··· Information provided

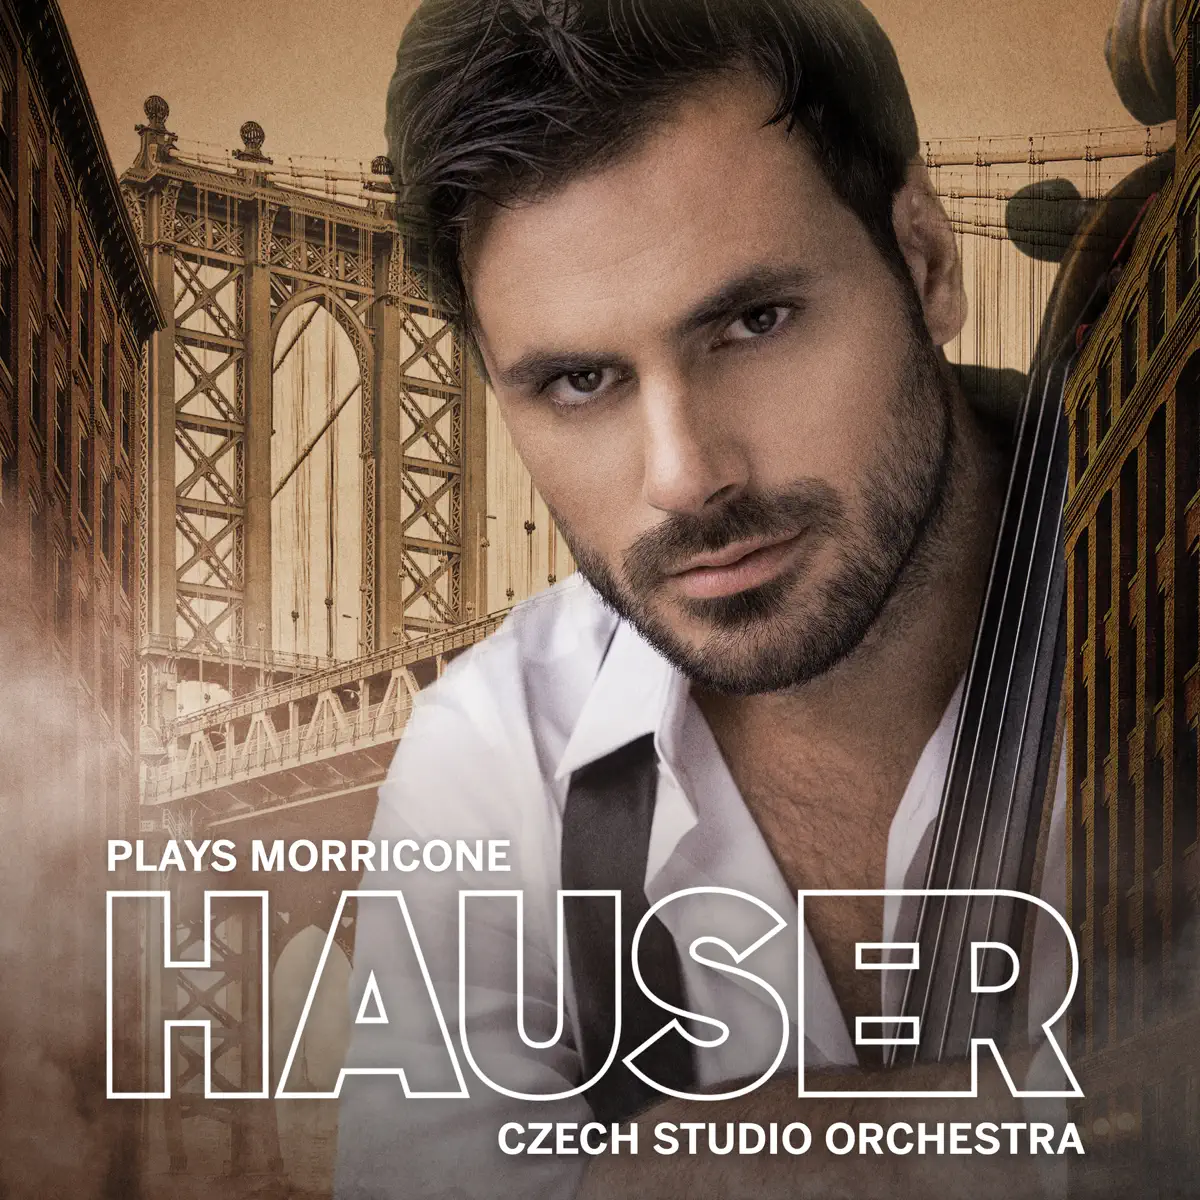 HAUSER, Czech Studio Orchestra & Robert Ziegler - HAUSER Plays Morricone (2020) [iTunes Plus AAC M4A]-新房子
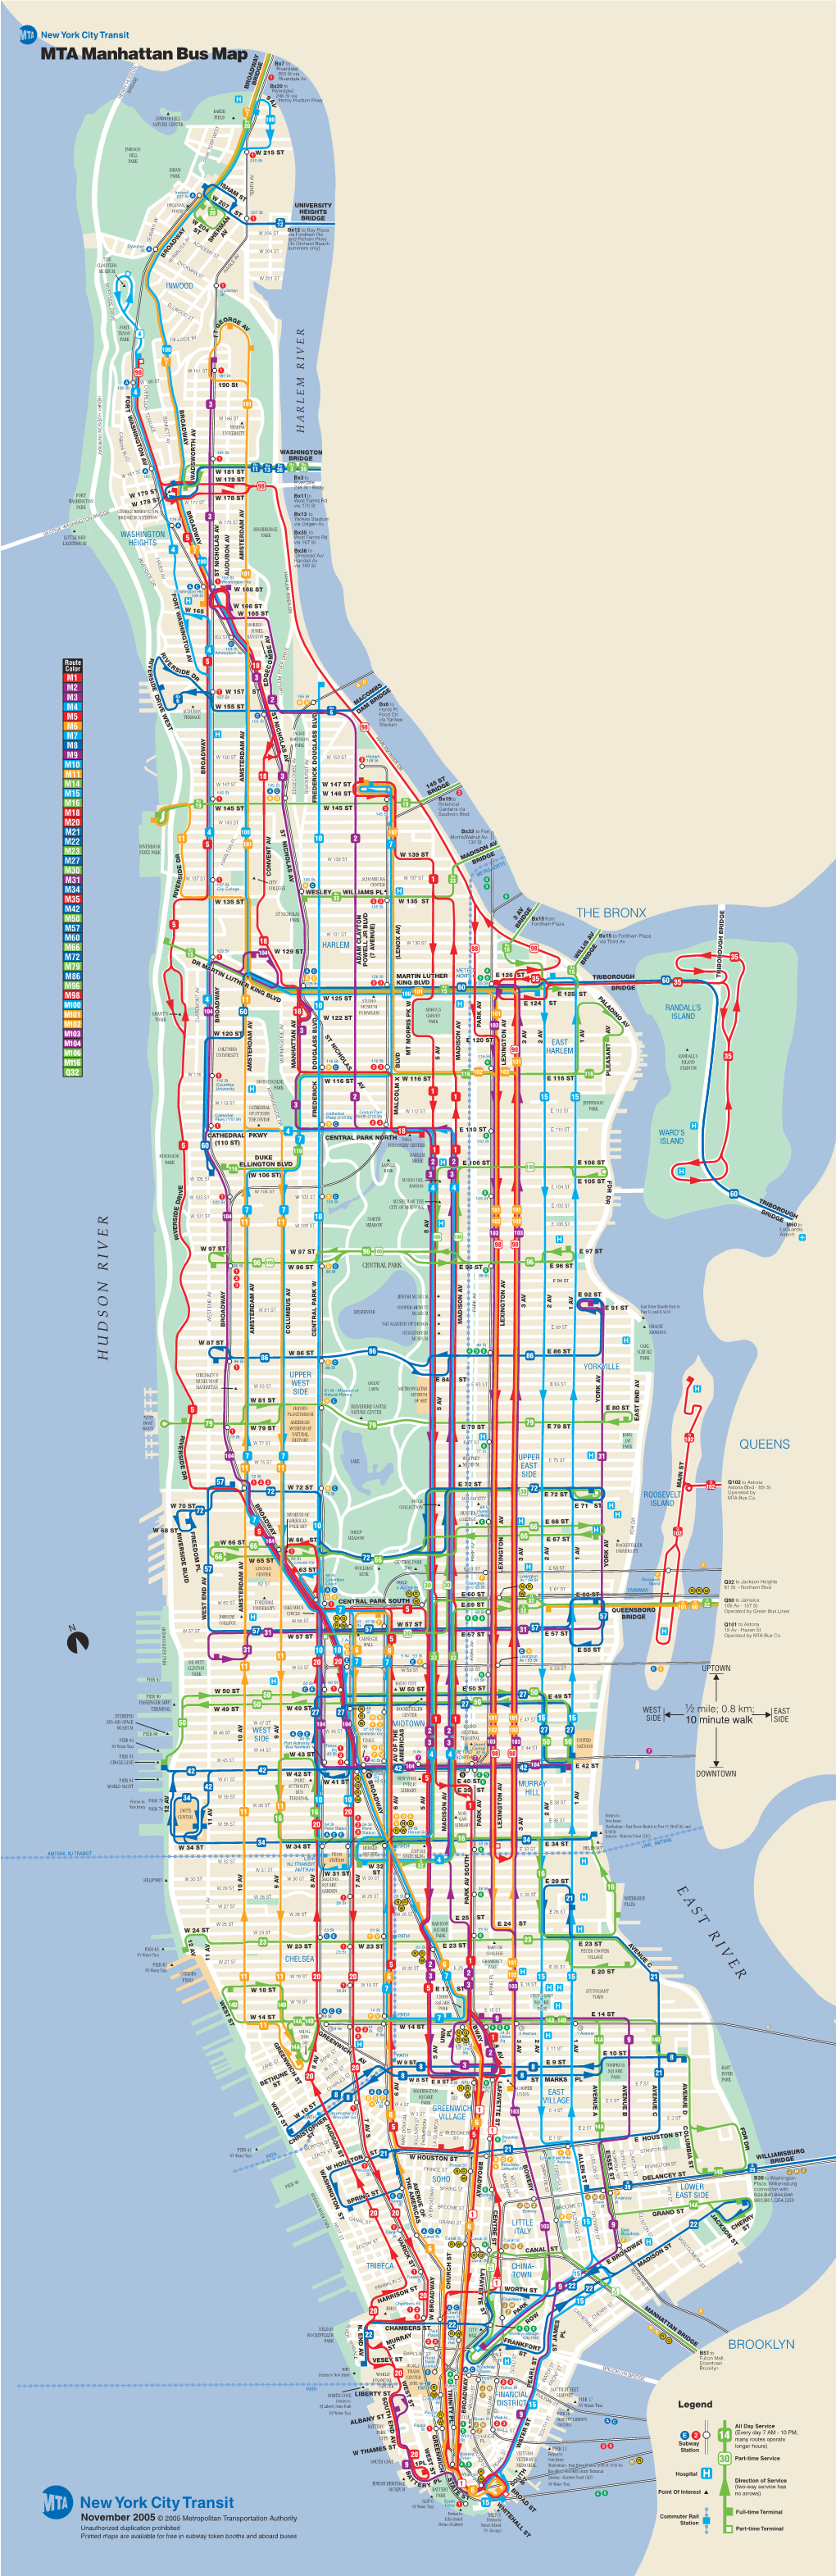 MTA Manhattan Bus Map Y Bx7 to Riverdale/ on 263 St Via 1 Riverdale Av
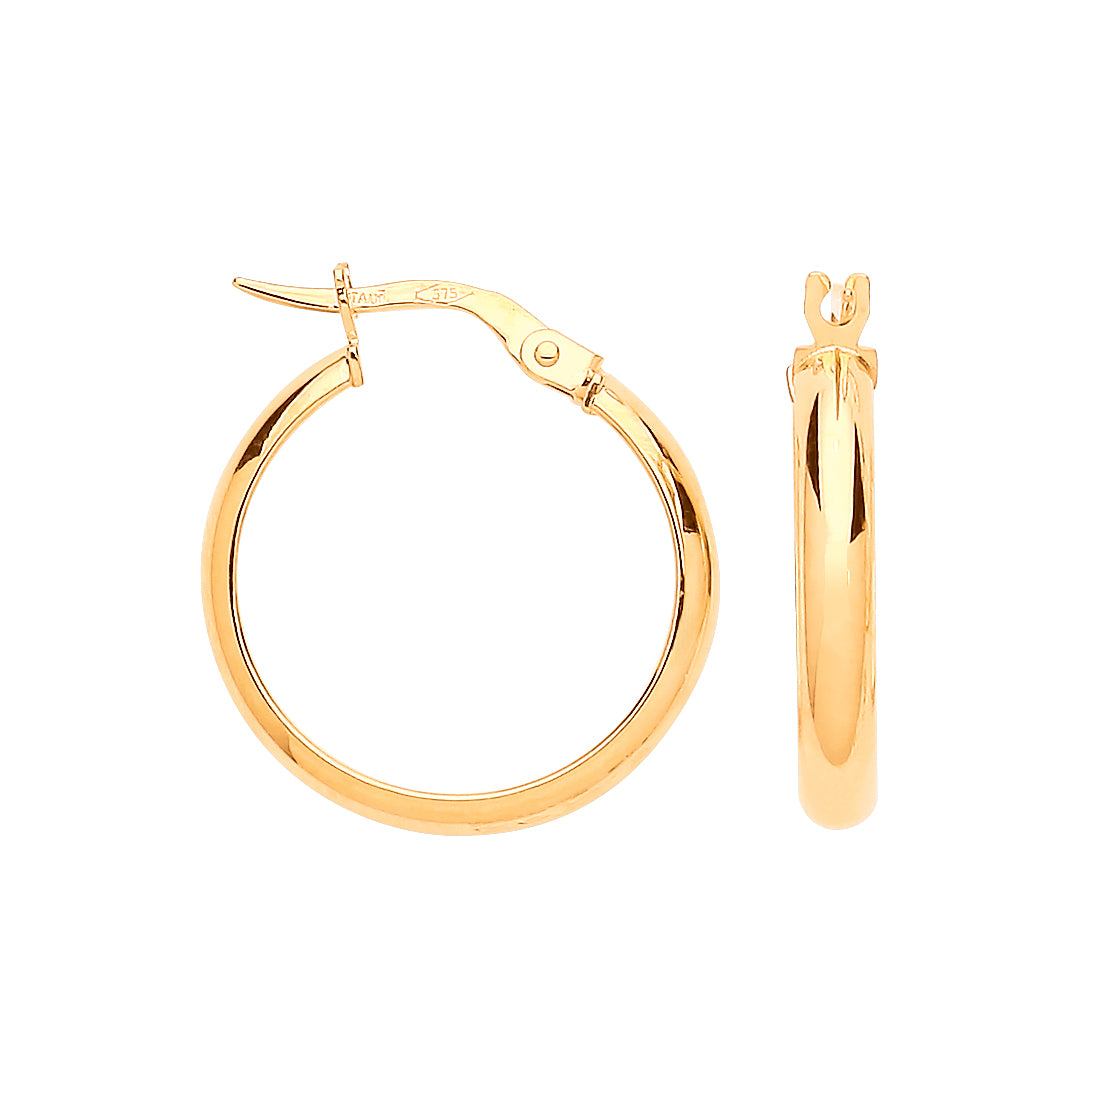 Gold 20mm Hoop Earrings
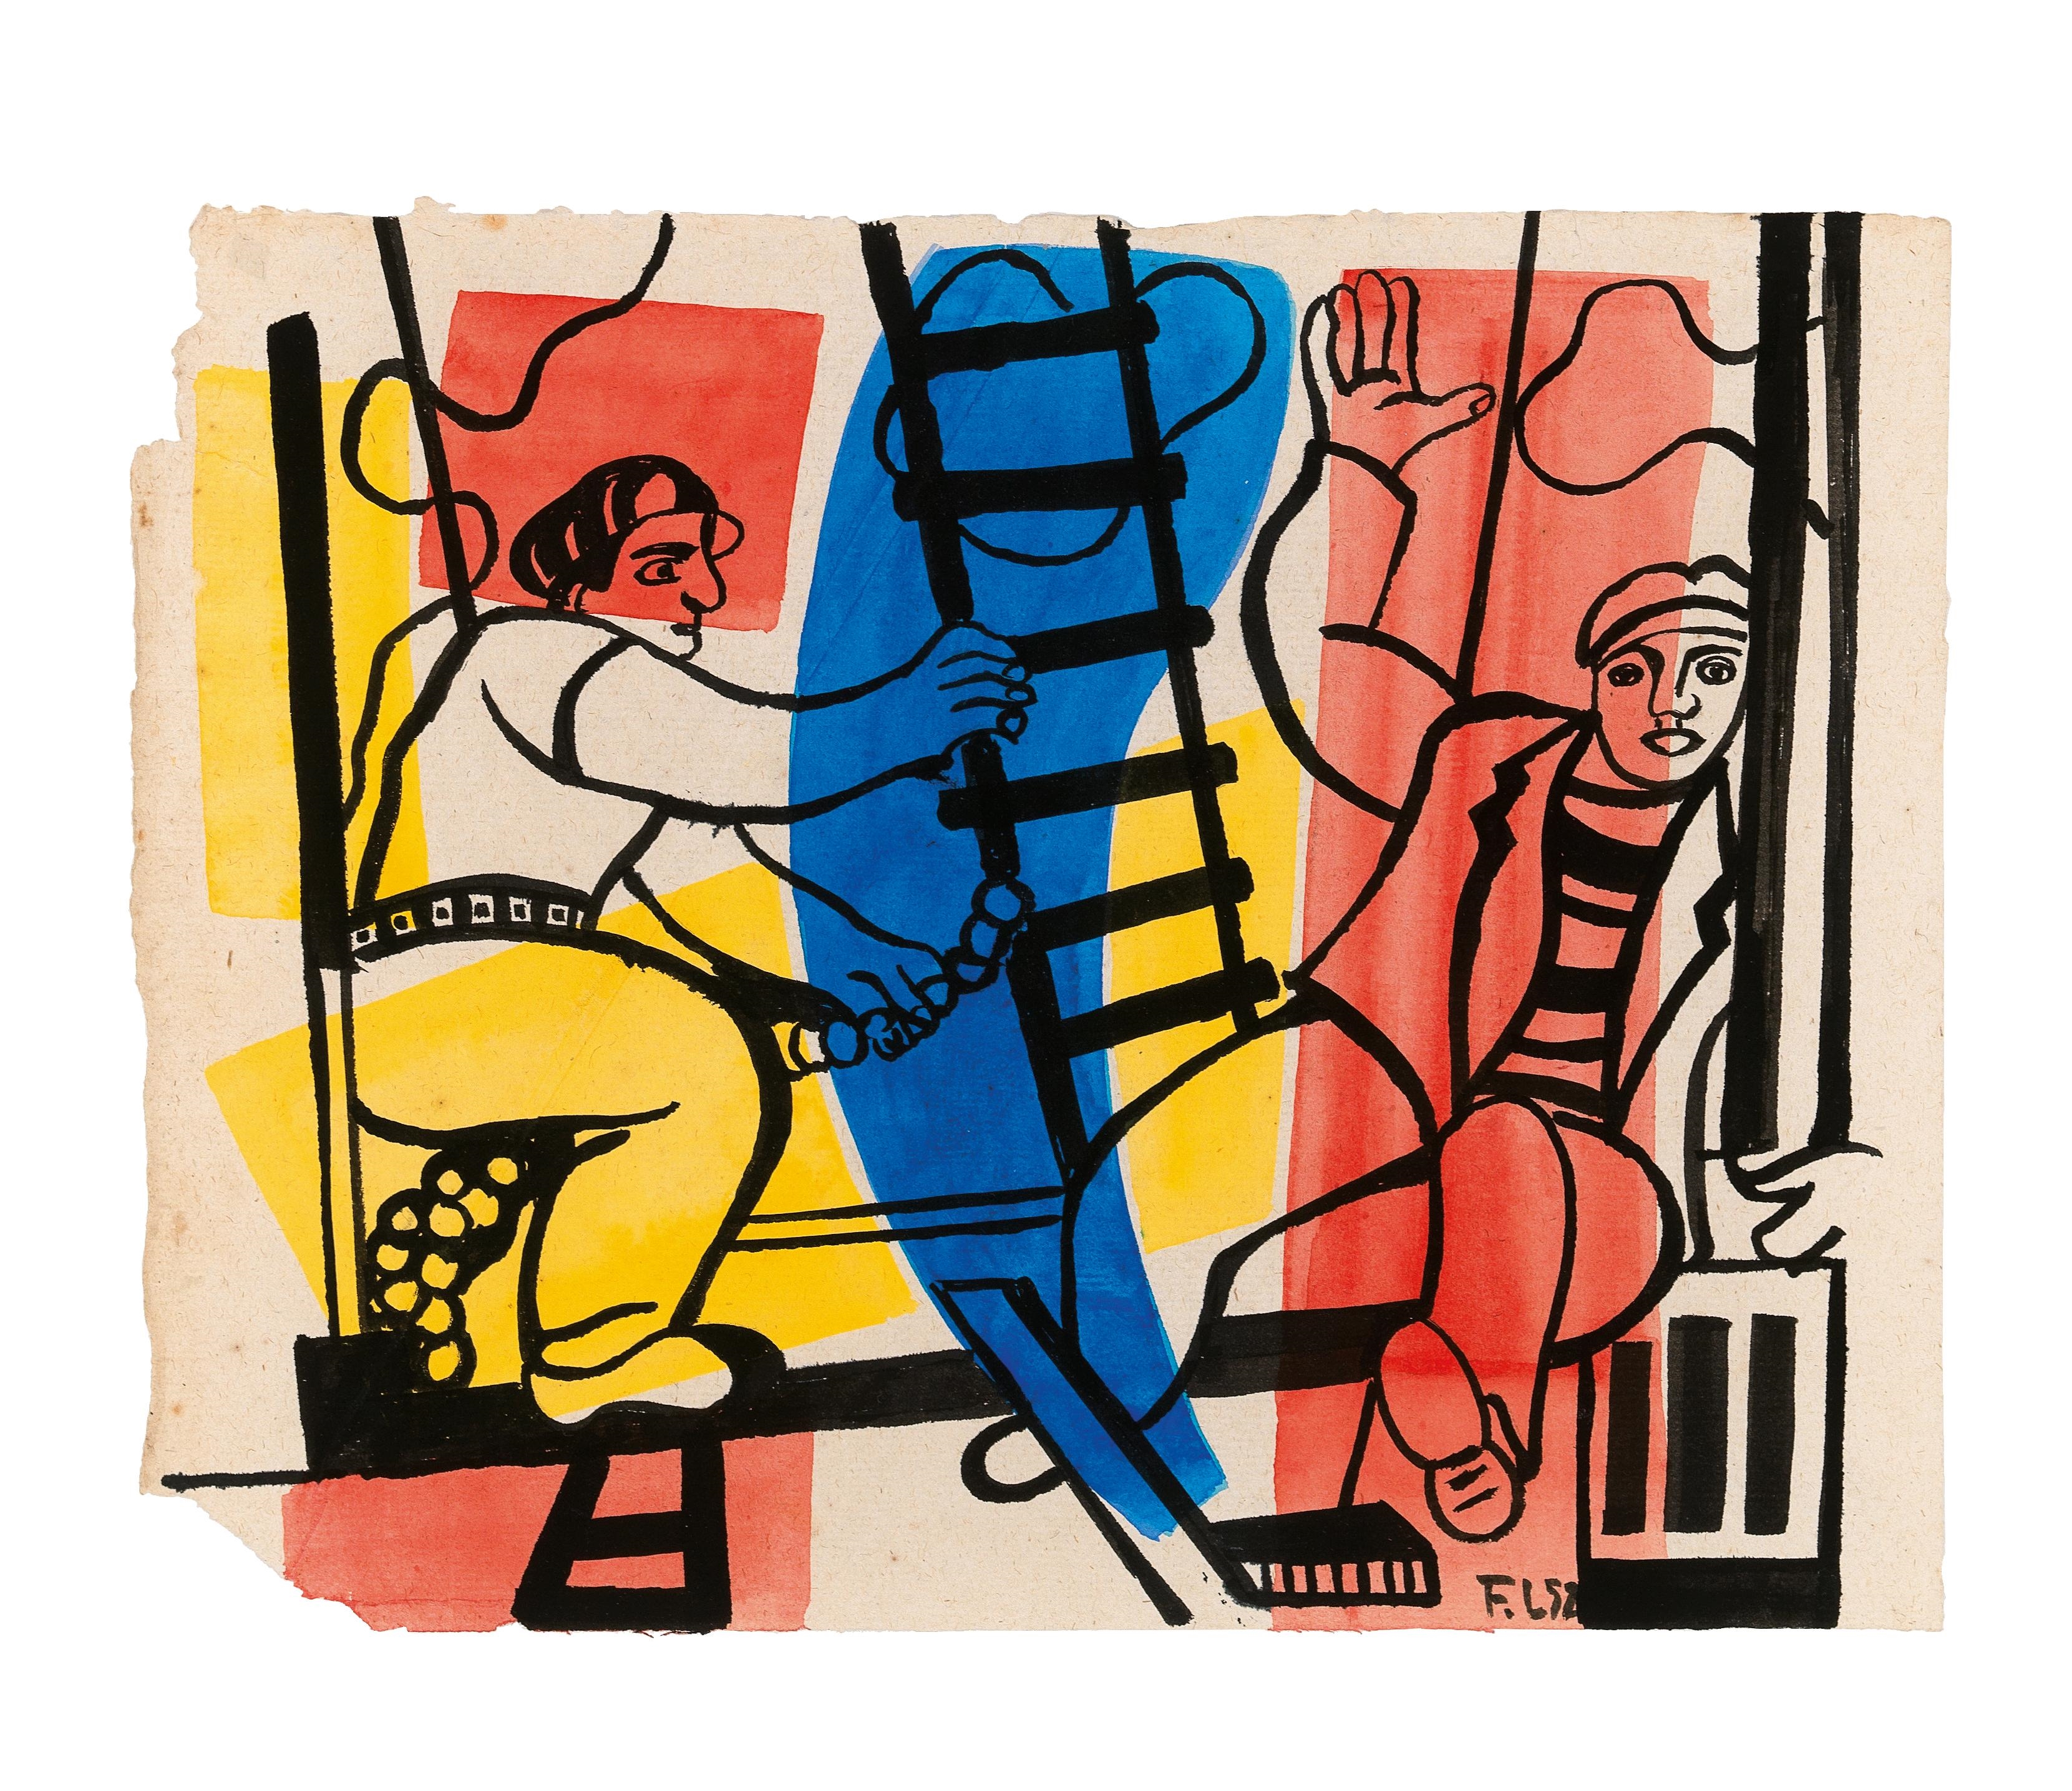 Étude pour “Les Constructeurs” by Fernand Léger, 1952

······

Work instructions:
Repeat the material above in full and exactly, apart from the pictures.

Task answer:
 HAUSER, Czech Studio Orchestra & Robert Ziegler - HAUSER Plays Morricone (2020) [iTunes Plus AAC M4A]-新房子
 MTA Manhattan Bus Map Y Bx7 to Riverdale/ on 263 St Via 1 Riverdale Av
 Gold 20mm Hoop Earrings
 Étude pour “Les Constructeurs” by Fernand Léger, 1952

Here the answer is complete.